▶ _Exercise goal_:
Copy each line in the data that includes the word "Shop".

(Data entries)
☆ ☆ ☆ ☆ ☆ ☆ ☆

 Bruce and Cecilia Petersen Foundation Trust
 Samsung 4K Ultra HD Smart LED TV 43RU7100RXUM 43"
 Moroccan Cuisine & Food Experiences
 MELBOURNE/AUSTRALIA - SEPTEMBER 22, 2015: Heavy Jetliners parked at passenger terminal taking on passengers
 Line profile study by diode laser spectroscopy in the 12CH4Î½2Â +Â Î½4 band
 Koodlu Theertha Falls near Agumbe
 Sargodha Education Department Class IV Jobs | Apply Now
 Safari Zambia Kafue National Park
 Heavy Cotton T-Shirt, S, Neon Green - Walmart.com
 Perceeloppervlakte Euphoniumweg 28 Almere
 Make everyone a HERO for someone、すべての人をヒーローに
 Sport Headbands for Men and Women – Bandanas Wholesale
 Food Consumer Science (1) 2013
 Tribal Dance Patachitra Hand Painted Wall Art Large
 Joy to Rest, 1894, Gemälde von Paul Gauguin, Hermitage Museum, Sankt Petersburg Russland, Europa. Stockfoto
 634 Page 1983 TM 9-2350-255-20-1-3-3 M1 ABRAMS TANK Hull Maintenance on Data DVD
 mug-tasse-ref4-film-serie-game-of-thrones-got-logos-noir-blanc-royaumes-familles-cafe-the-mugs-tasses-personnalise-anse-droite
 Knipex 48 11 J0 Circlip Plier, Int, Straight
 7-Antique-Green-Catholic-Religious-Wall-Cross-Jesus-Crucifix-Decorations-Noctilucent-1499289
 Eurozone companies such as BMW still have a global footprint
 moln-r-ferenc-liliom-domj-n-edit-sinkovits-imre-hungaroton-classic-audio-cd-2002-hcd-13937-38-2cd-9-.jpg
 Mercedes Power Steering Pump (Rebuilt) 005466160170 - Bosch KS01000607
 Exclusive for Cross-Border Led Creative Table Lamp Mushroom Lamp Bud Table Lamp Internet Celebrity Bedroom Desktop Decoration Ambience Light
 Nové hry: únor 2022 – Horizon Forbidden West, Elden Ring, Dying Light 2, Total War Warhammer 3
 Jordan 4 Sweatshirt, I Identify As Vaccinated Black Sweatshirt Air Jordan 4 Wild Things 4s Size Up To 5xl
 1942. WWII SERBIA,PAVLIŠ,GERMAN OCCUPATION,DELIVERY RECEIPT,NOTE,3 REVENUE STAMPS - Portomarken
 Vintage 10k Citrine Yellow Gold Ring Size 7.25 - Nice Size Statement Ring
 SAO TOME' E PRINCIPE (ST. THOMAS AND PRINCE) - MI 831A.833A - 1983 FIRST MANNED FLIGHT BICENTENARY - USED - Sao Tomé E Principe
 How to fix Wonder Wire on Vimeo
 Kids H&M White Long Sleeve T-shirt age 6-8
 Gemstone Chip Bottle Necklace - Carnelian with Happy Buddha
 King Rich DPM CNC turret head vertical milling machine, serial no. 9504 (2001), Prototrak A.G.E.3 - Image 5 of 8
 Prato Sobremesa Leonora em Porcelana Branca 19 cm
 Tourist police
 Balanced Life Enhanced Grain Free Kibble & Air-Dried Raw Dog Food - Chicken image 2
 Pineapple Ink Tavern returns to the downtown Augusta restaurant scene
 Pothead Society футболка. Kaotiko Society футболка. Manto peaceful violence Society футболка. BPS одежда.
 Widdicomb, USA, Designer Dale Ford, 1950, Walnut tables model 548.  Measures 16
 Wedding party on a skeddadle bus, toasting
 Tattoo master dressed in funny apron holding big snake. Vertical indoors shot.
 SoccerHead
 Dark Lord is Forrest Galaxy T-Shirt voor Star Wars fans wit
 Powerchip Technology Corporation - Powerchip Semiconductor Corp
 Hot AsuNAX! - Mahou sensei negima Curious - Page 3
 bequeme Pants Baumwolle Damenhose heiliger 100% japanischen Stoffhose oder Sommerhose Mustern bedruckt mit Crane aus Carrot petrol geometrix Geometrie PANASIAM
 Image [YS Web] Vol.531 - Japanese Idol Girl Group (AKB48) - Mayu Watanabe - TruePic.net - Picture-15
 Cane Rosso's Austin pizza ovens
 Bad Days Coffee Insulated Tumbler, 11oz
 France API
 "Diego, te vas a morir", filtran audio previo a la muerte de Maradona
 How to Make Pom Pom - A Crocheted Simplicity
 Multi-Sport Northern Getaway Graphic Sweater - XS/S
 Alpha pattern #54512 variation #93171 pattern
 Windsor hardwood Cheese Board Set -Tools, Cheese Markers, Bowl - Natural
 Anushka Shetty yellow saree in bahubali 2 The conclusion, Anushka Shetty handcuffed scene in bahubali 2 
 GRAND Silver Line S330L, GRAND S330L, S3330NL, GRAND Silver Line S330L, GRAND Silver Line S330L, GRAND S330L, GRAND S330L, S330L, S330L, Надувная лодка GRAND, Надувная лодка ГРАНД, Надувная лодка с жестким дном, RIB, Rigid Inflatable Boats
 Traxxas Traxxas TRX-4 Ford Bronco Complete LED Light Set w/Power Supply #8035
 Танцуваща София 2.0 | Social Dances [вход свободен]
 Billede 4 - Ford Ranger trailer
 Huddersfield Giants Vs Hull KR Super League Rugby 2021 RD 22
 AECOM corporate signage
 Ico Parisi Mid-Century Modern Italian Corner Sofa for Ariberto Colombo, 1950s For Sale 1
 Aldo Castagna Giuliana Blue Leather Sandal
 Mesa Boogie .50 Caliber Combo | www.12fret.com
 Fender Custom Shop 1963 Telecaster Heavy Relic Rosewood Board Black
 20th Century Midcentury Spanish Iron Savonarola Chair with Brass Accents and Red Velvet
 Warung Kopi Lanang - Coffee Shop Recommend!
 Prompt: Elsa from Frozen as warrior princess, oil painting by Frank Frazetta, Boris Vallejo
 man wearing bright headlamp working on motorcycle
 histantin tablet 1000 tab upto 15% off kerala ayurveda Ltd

☆ ☆ ☆ ☆ ☆ ☆ ☆

▶ _Task result_:
 Fender Custom Shop 1963 Telecaster Heavy Relic Rosewood Board Black
 Warung Kopi Lanang - Coffee Shop Recommend!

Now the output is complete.